Quando o assunto volta a ser trânsito, ele diz que não acredita em educação para o trânsito (“Apesar de já ter sido premiado nessa área e dar consultoria sobre o assunto em três estados”). Lanteri dá o exemplo de uma das escolas mais tradicionais da cidade, onde os alunos não atravessam nas faixas da esquina e querem cruzar bem ao frente ao portão da escola, localizado no meio da quadra. – No trânsito temos que fazer pequenos sacrifícios pelo bem comum: dirigir mais devagar, não beber, andar meia quadra para atravessar a faixa. Não posso só pensar em mim. Eles não podem atravessar no meio da quadra e ter um guarda disponível só para eles porque são ‘filhinhos de papai’. Isso atravanca todo o trânsito.

A crença dele, na verdade, é sim na educação, que segundo ele não deve ser direcionado ao trânsito e sim a ética: - Quando a pessoa tem noção dos direitos do outro, ela respeita e isso se estende ao trânsito.

Marcelo Armôa, editor de Cidades - na qual trabalho - me liga nesse momento. Preciso retornar ao jornal, já são mais de 17 horas. O motorista me aguarda em frente à Agetran. Respondo que saio em cinco minutos.

Lanteri continua falando. Está com sede de falar com a gente. Ele afirma que não existe uma “indústria da multa” amparada nos amarelinhos para multar todo mundo. – Você sabe onde almoço (um restaurante de comida vegetariana onde já o encontrei algumas vezes). Lá todo mundo estaciona na calçada. Se existisse indústria da multa os amarelinhos estariam lá todos os dias. O que existe é indústria da infração – retruca.

O tempo passa e sinto que realmente preciso ir. Já havia passado duas horas que tinha saído do jornal. Ia me despedindo e estava de olho em um Código Brasileiro de Trânsito de bolso que estava sobre a mesa dele. Resolvei arriscar achando que não teria nada o que perder: Queria te pedir um desse – eu disse.
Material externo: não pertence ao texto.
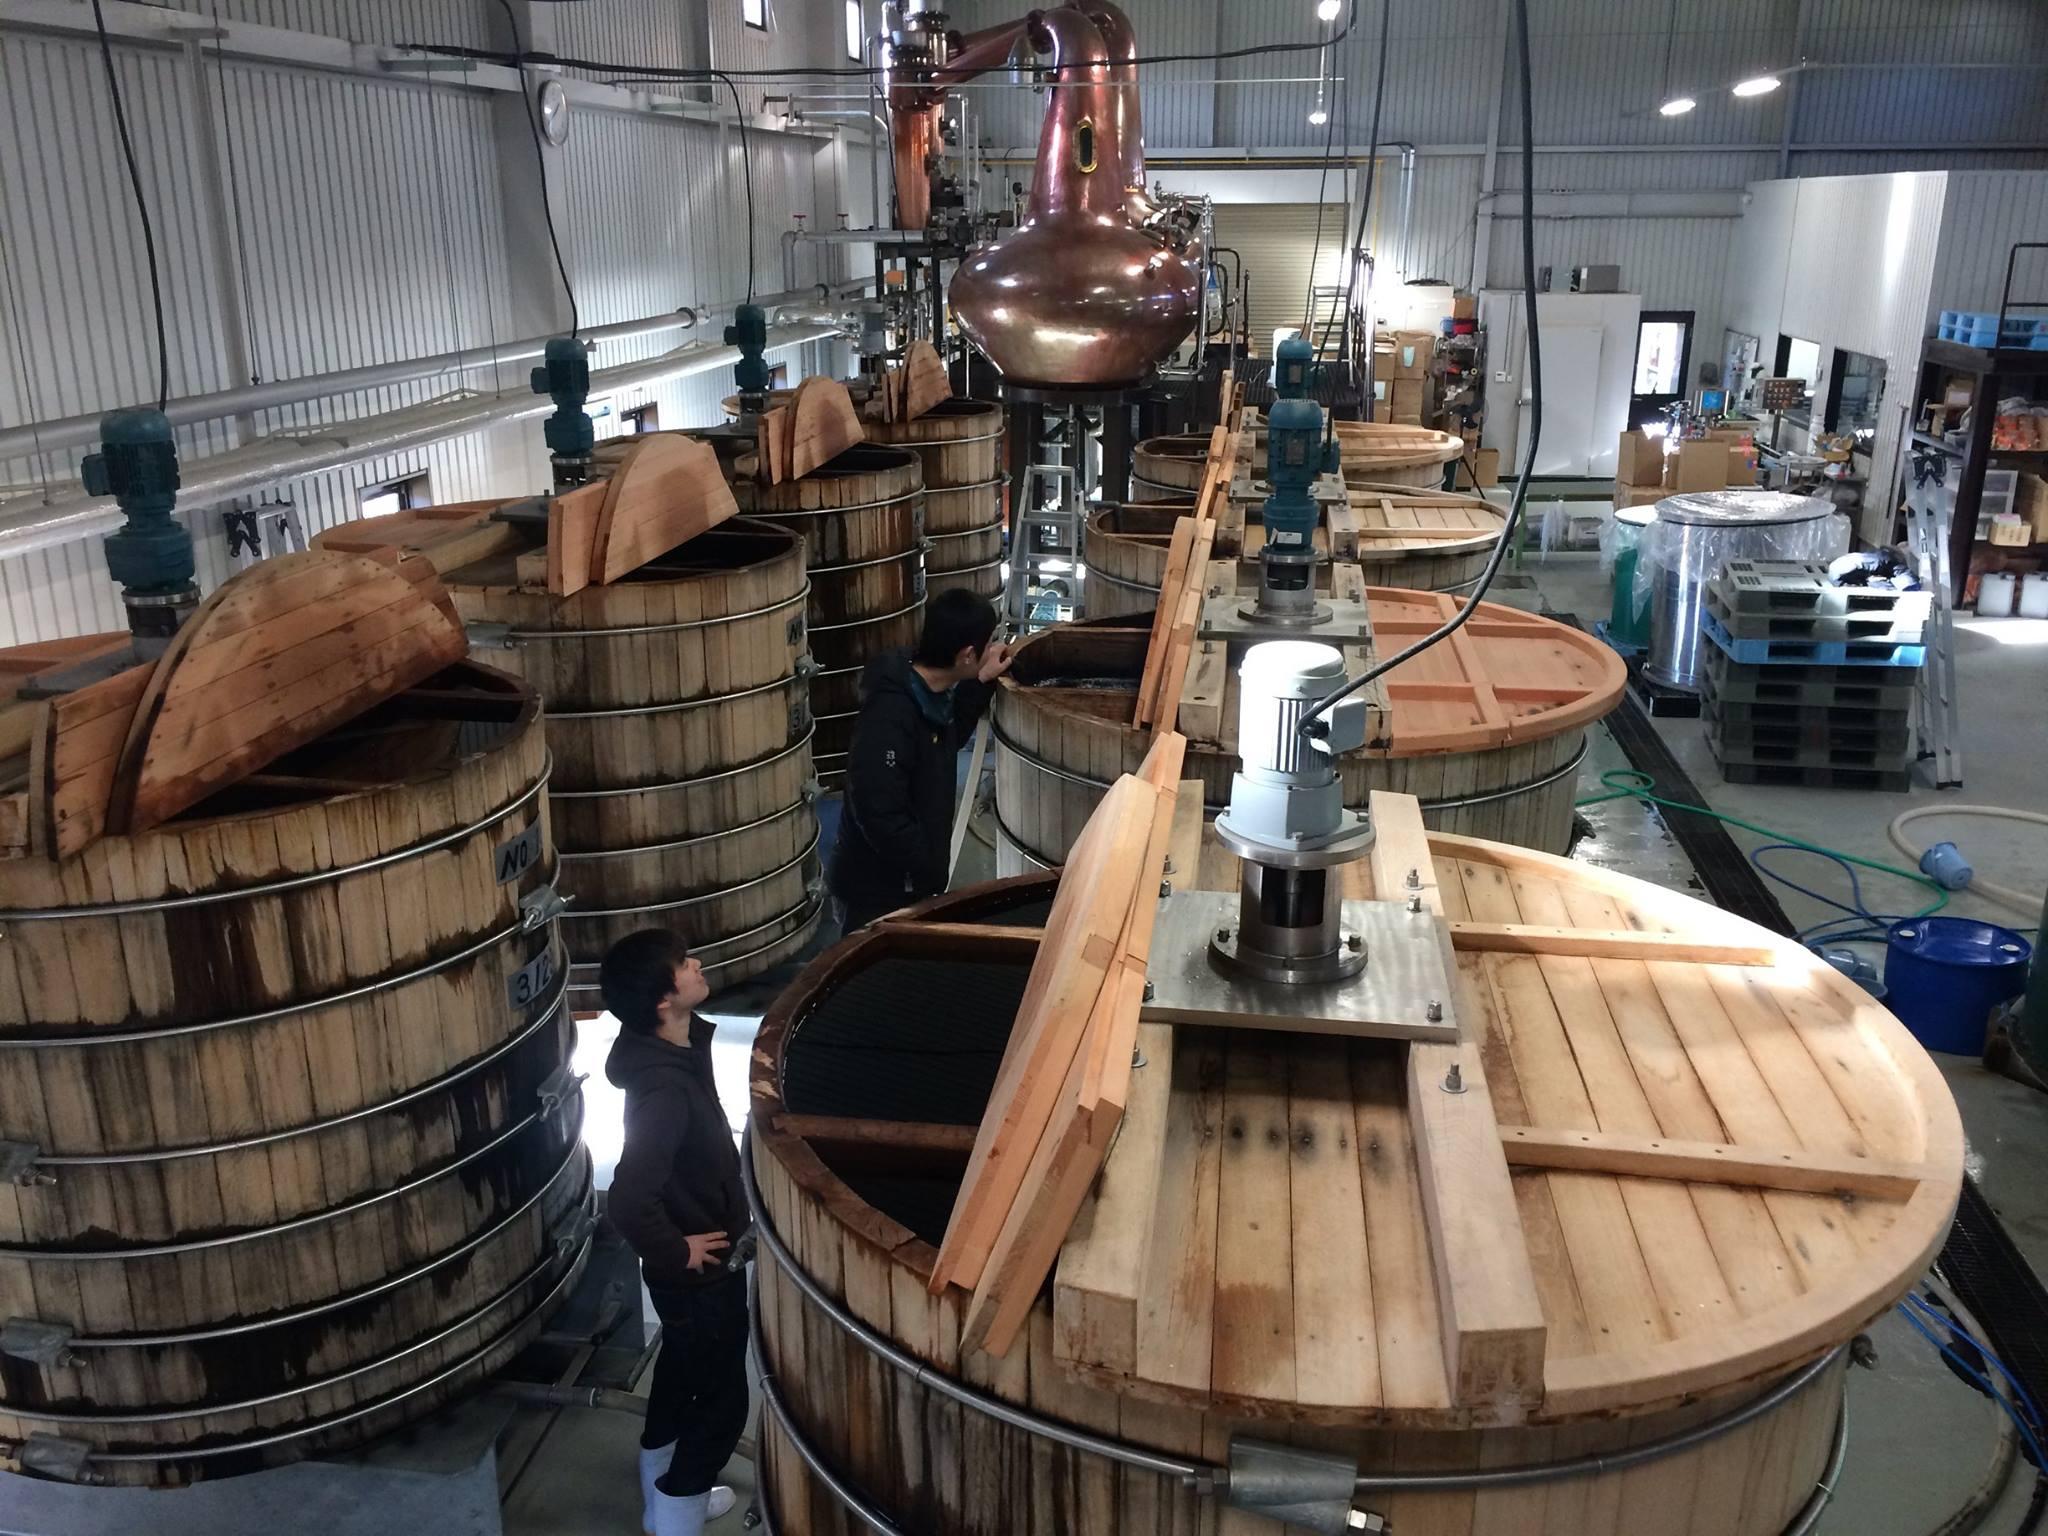 Japanese Whisky Distilleries to Watch 2018-19: Asaka Distillery, Chichibu Distillery, Nukada Distillery
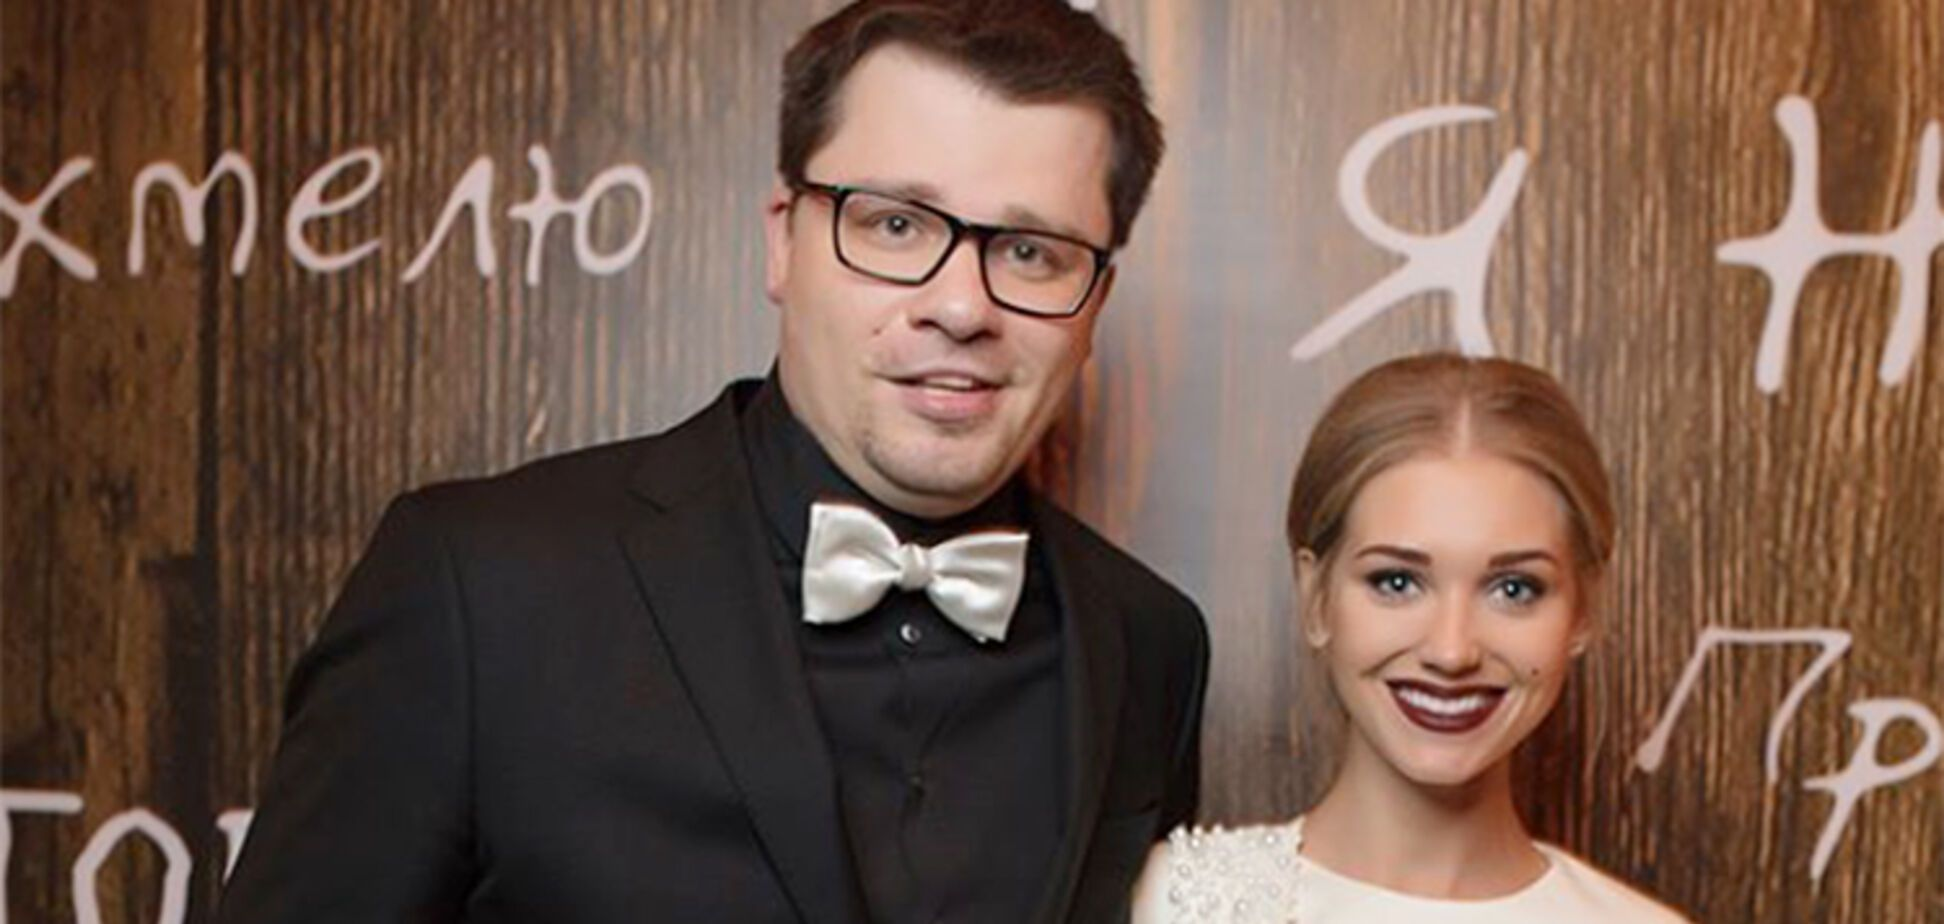 Гарік Харламов і Христина Асмус (фото – HELLO! Russia)

Prontamente ele me providenciou outro exemplar dizendo que aquele continha anotações principalmente no artigo 181, que versa sobre estacionamento. Me despedi, agradecendo e brinquei que não havia doído ele ter me dado entrevista e que aquela valeu por todas que ele havia deixado de me dar e que a gente teve de escrever: “Foi procurado, mas não retornou as ligações até o fechamento desta edição”.
- Não ouço mensagem de voz. Só olho as que chegam por texto – justificou, já com grau de coleguismo.

Entre Aspas: Repórter é como goleiro. Tem de ter sorte. Às vezes o goleiro é ótimo, mas no último minuto deixa entrar um gol. Ricardo Kotscho.